If you're unable to host your scripts locally, use async or defer to speed up the time until a user can interact with your website. Keep in mind that deferring script loads means that regular users may interact with your site before a script is loaded; it's a good idea to ensure your website still works without those resources.

Test your site with JavaScript disabled

Most modern internet browsers still provide an option to browse with JavaScript disabled—it's rare, but some users do it. Furthermore, any third-party scripts you're still loading have the potential to fail. Imagine what would happen if you relied on a CDN for your core JavaScript libraries, and the CDN went down: this is the same experience many ghost users will have the first time they visit. Checking your website with JavaScript disabled will give you firsthand experience with failure scenarios, so you'll be able to implement backup solutions.

Display messages when scripts don't load

Sometimes you can't avoid using third-party resources, often in mission-critical features like checkout. In these cases, showing messages to your users when required scripts don't load will ensure your site never feels "broken".

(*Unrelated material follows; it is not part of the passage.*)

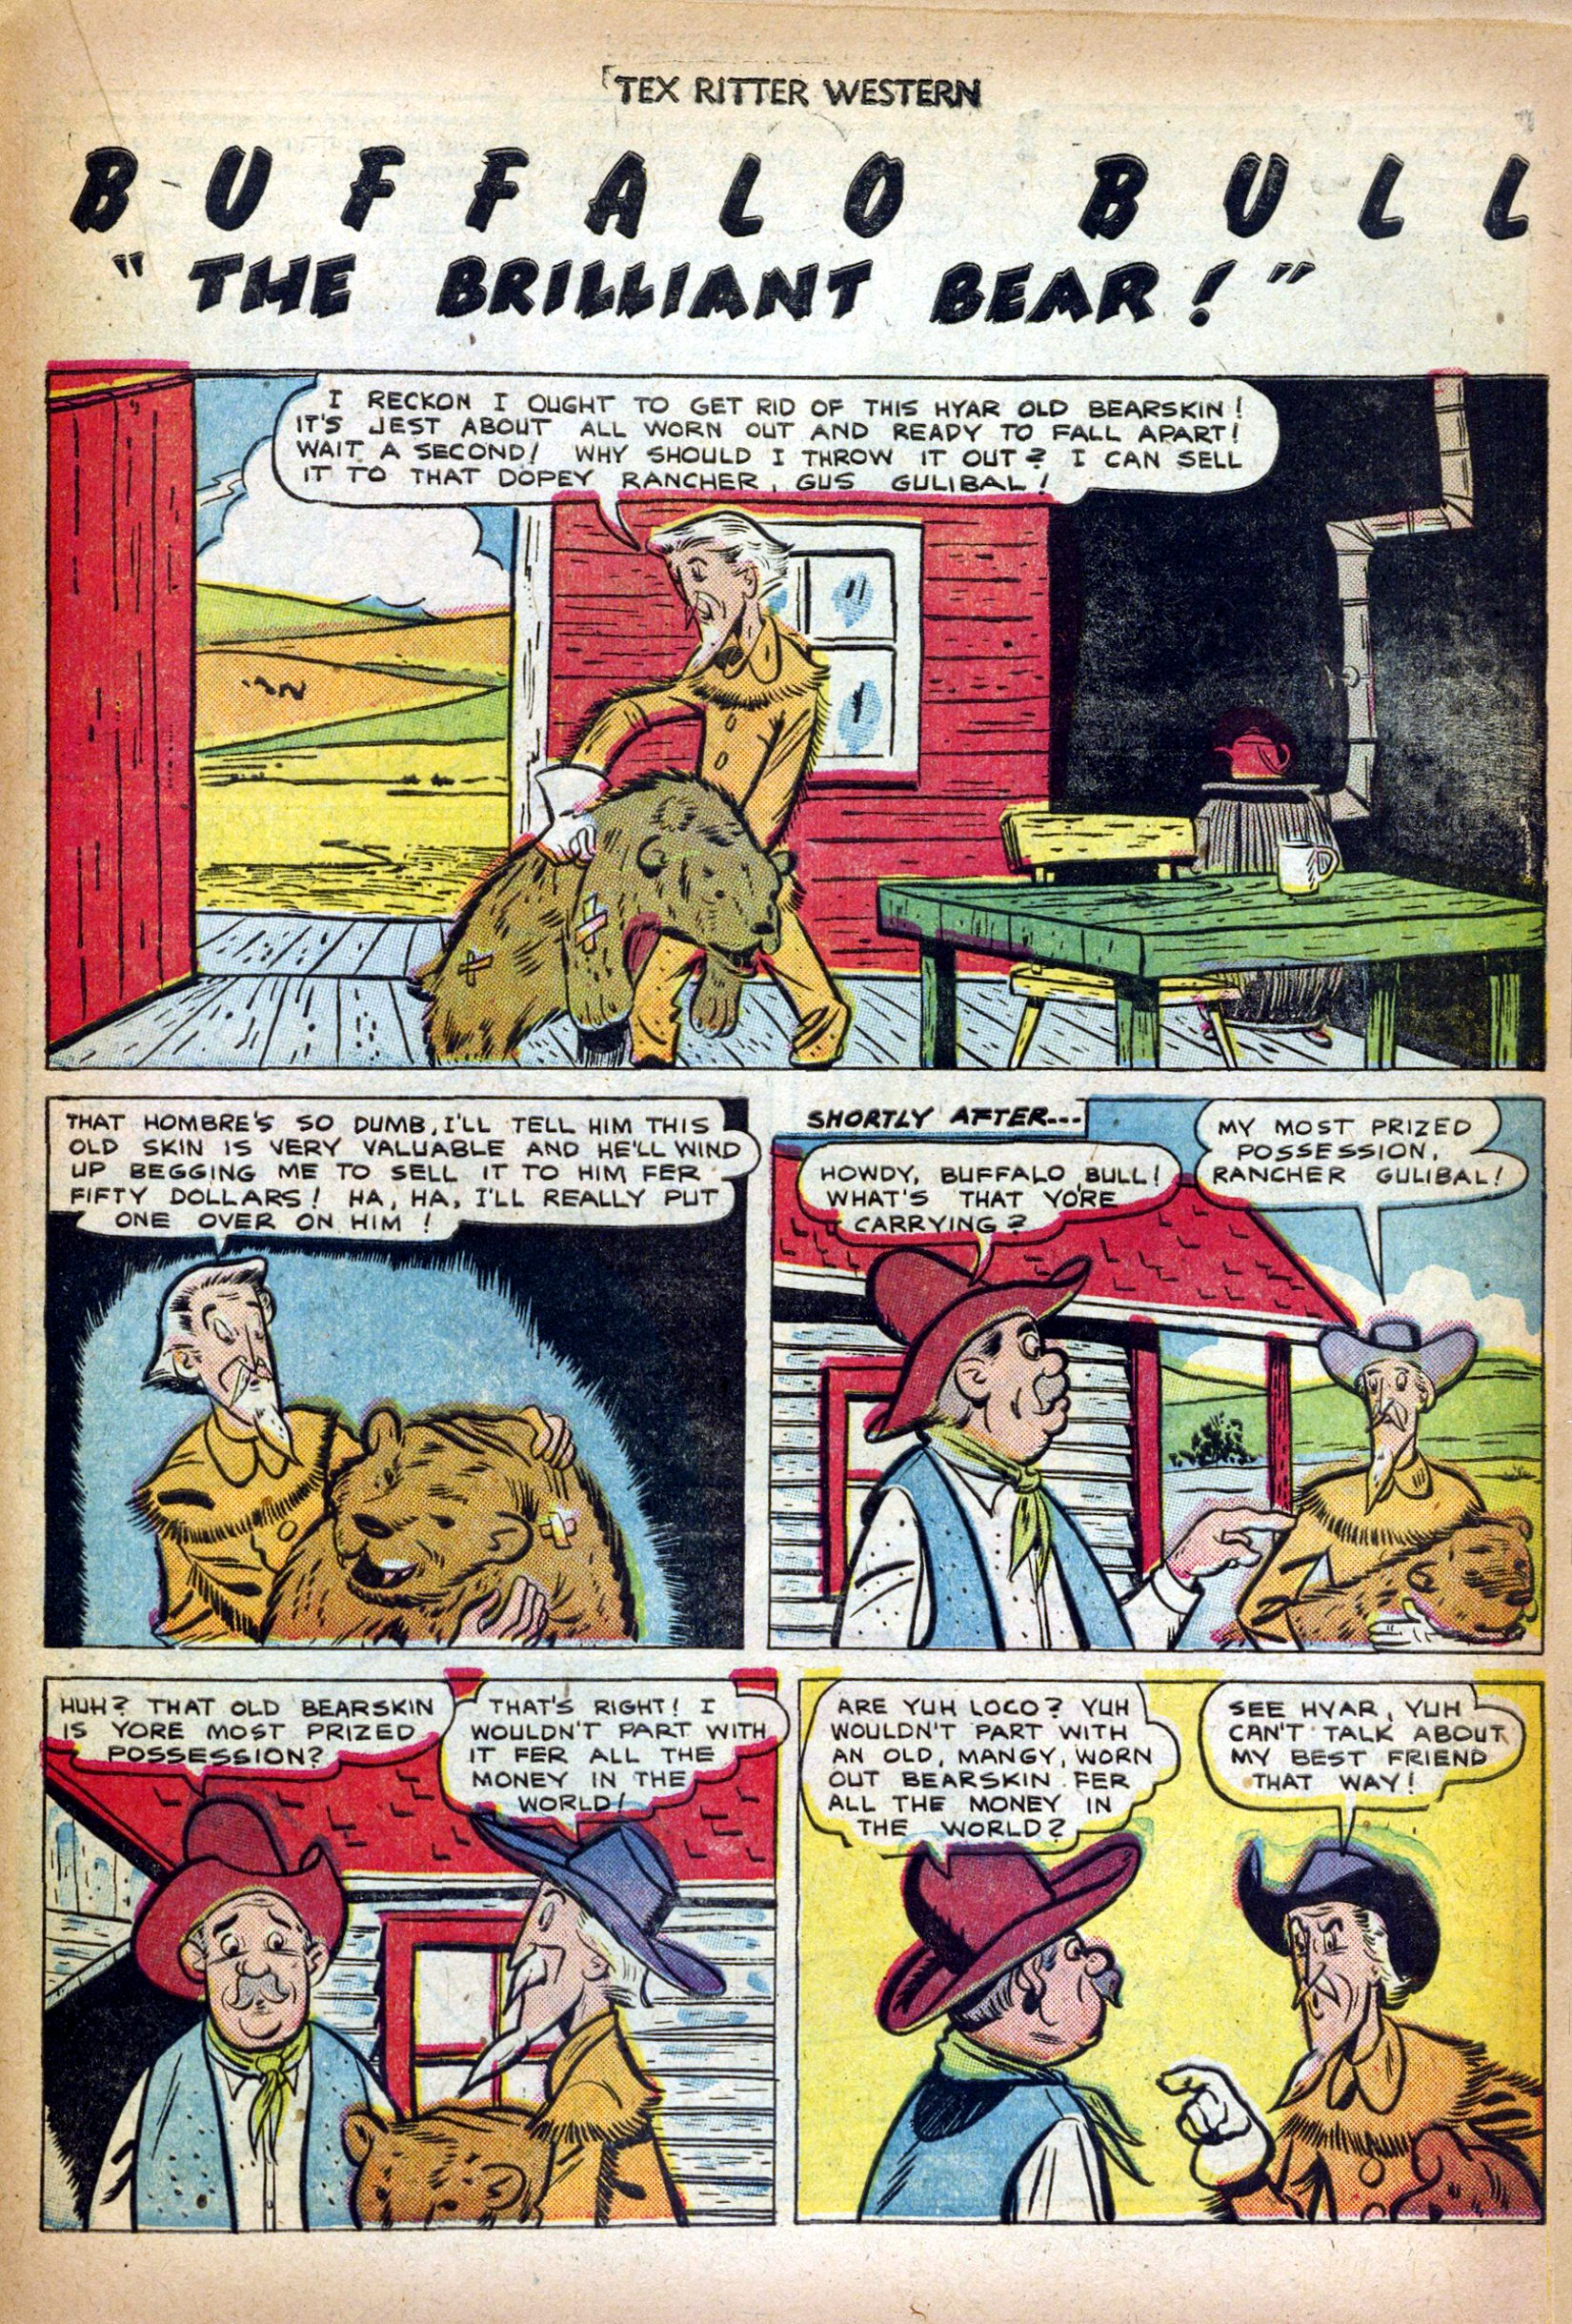 Read online Tex Ritter Western comic -  Issue #10 - 21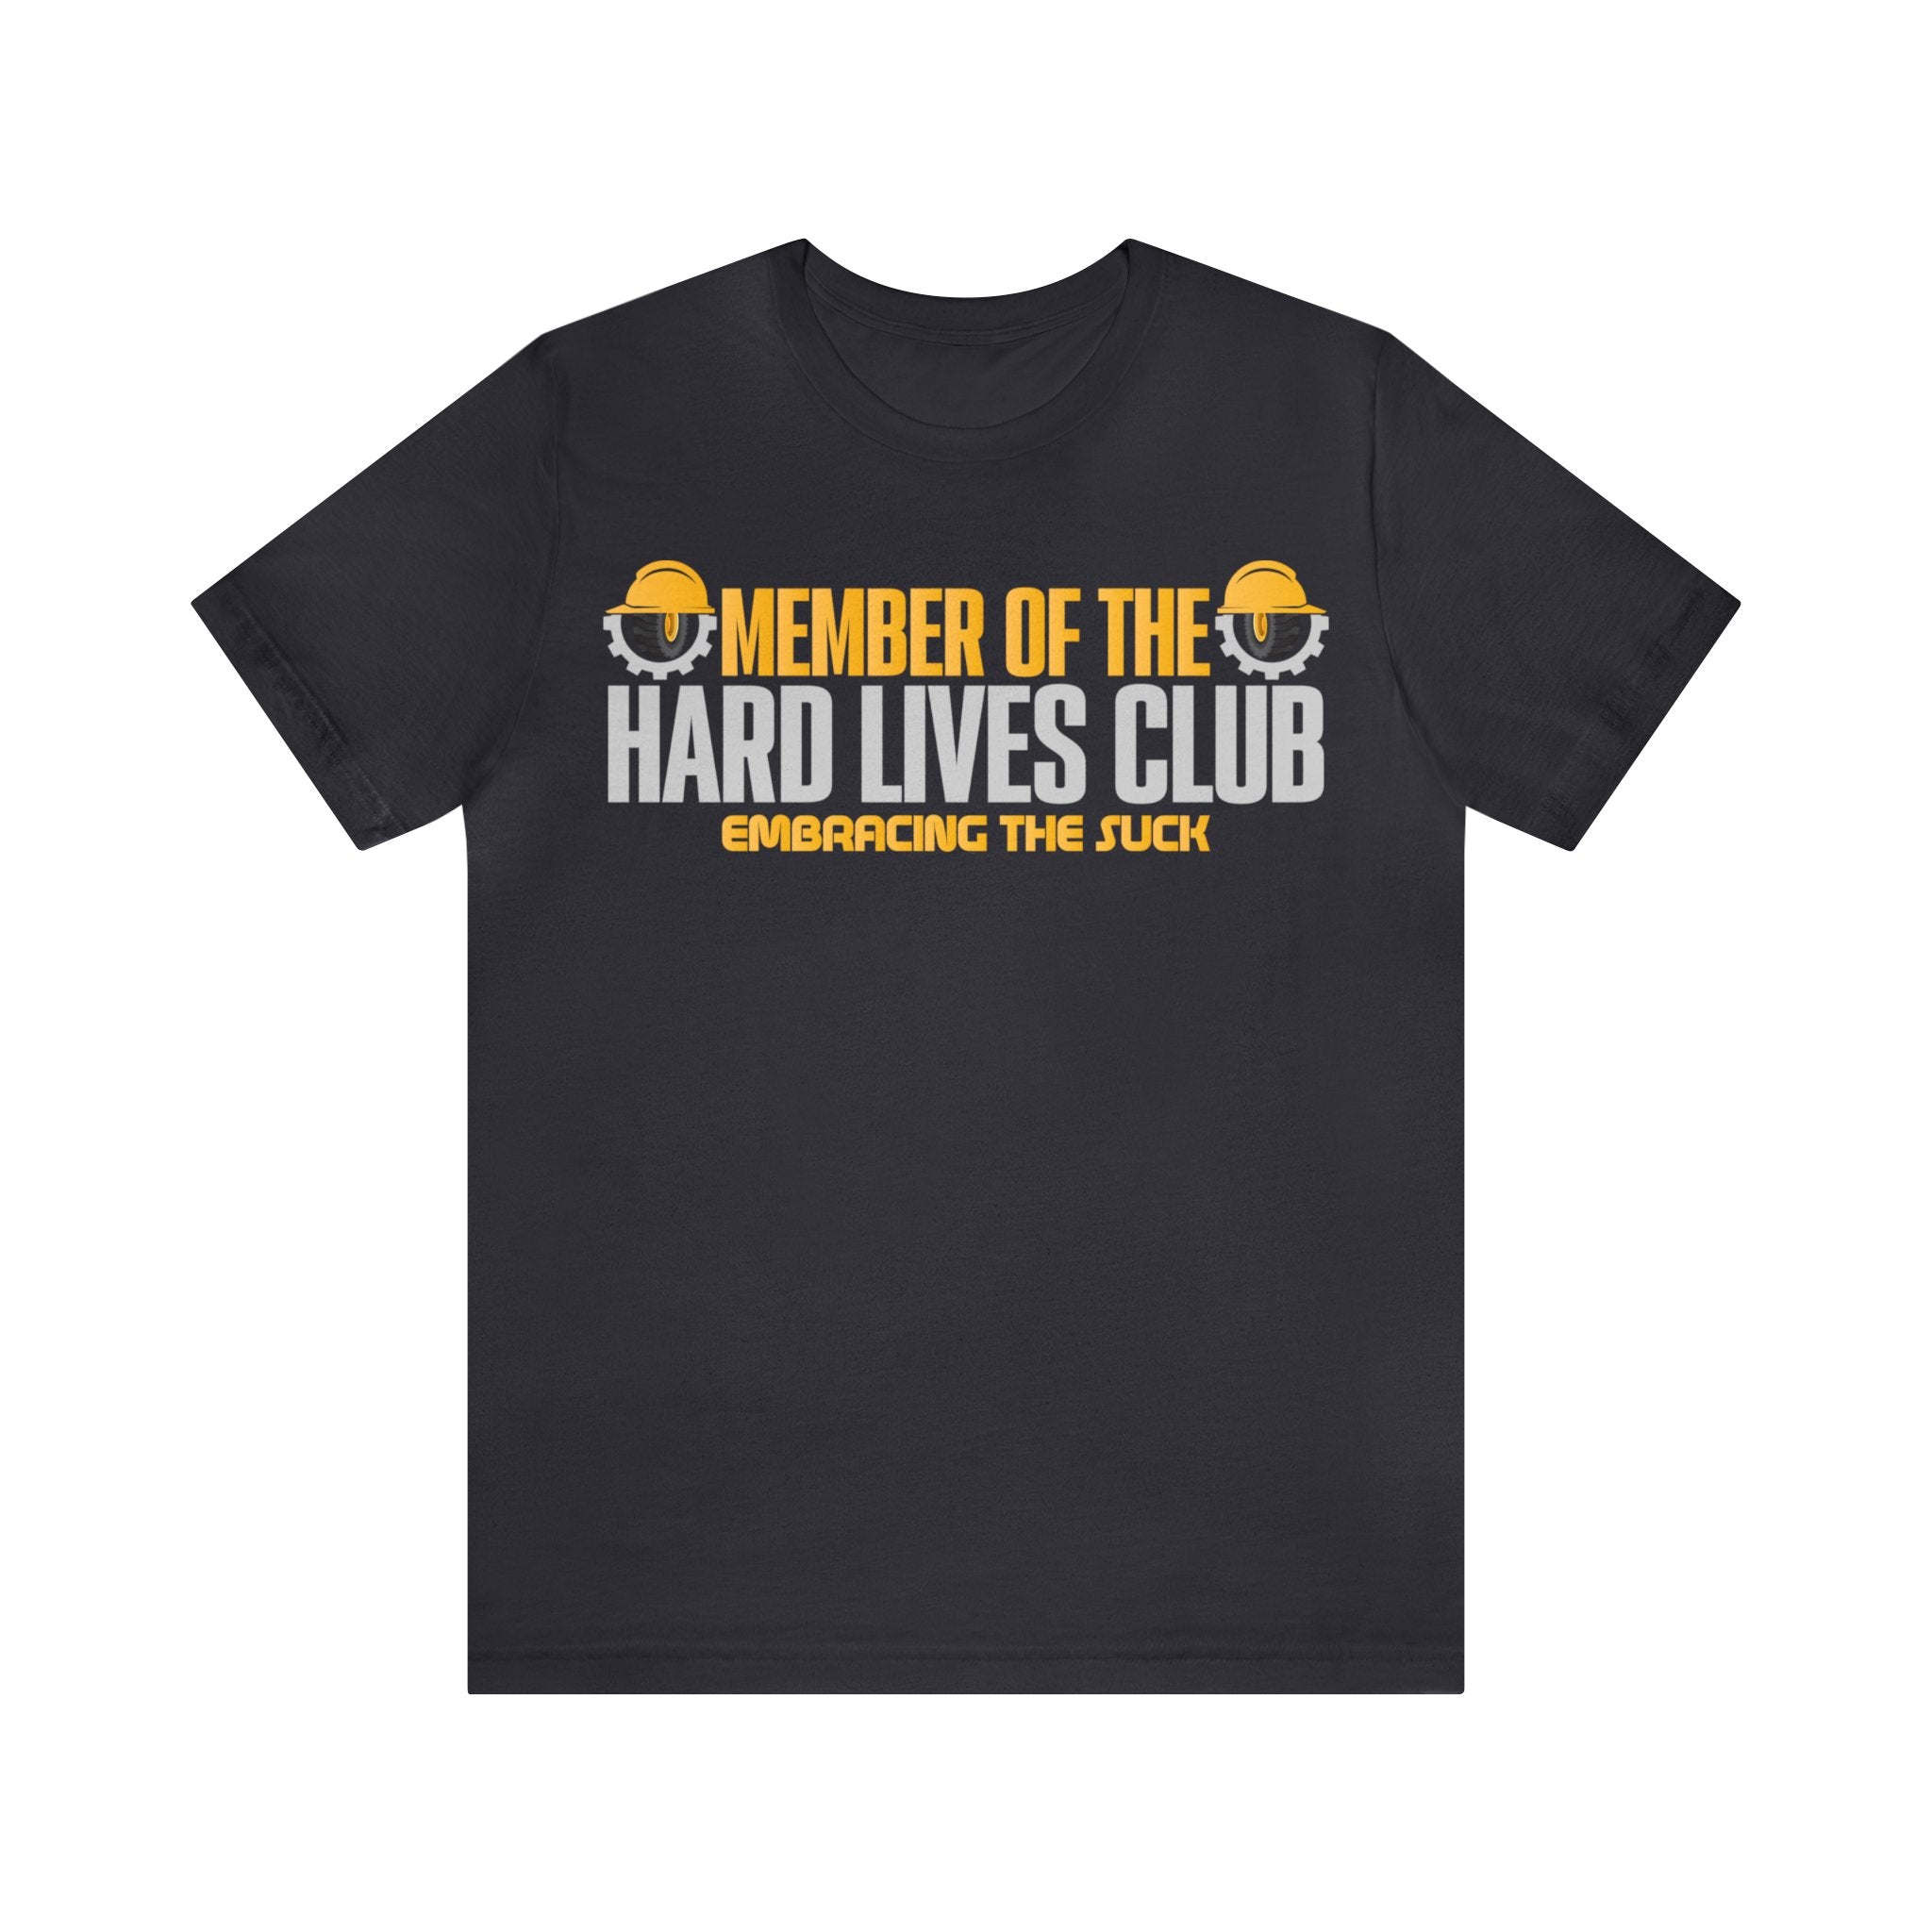 Member of the Hard Lives Club

You can use noscript tags to display messages to anyone with JavaScript completely disabled, but that won't help ghost users who are only blocking third-party requests, or services experiencing downtime. I highly recommend adding code in critical processes to verify that all required scripts have loaded and, if they haven't, display messages explaining what happened.

The Electronic Frontier Foundation's donation page is a great example of this technique in action: when Stripe checkout fails, they show a helpful message explaining what to allow in order to fix it:

Screenshot of the EFF checkout page with an error message reading "If you're a NoScript user, please allow and then hard refresh this page."

Use descriptive image alt text

When an image fails to load, most browsers display the content of the alt attribute in its place. Adding descriptive alt text to all of your images will let ghost users immediately understand your content, and as a bonus, improve accessibility for anyone using a screen reader—the alt text will be read aloud in place of images.

When it comes to descriptions of images, detail is critical. Consider the difference between a caption that says "bowl of soup", and this descriptive example from Vox Media:

Screenshot of a Vox Media article with image alt text reading "Illustration from above of two hands holding a ramen bowl, which is filled with soup that has two halves of a boiled egg, bok choi, and noodles. two chopsticks are resting on the bowl. other condiments are in front of the bowl."

If your site relies on ad revenue, host acceptable ads locally

Many users running blockers do so for personal security reasons; they're uncomfortable with widespread data collection and the pervasiveness of malvertising, which is only able to exist because overreaching ad networks want to serve increasingly targeted ads.

If your site relies on ad revenue, strive to host text-based ads or static images on your first-party domain. These ads will avoid ending up on filter lists designed to block malicious actors, allowing you to reach more of your user base. Even better, the rest of your users who aren't running blockers will enjoy a more secure and private experience on your site.

Help create the internet you want to use

Implementing these techniques will improve the resiliency of your site across the board, and harden it against errors and unexpected downtime. Mobile users in particular—said to make up the majority of all internet traffic—will appreciate faster load times, less data usage, and predictable content placement (without slow-loading ads appearing suddenly). All of your users (including you!) will enjoy better performance and privacy while using your site.

If we want a web that cares about privacy, it's our responsibility as website creators to exemplify it.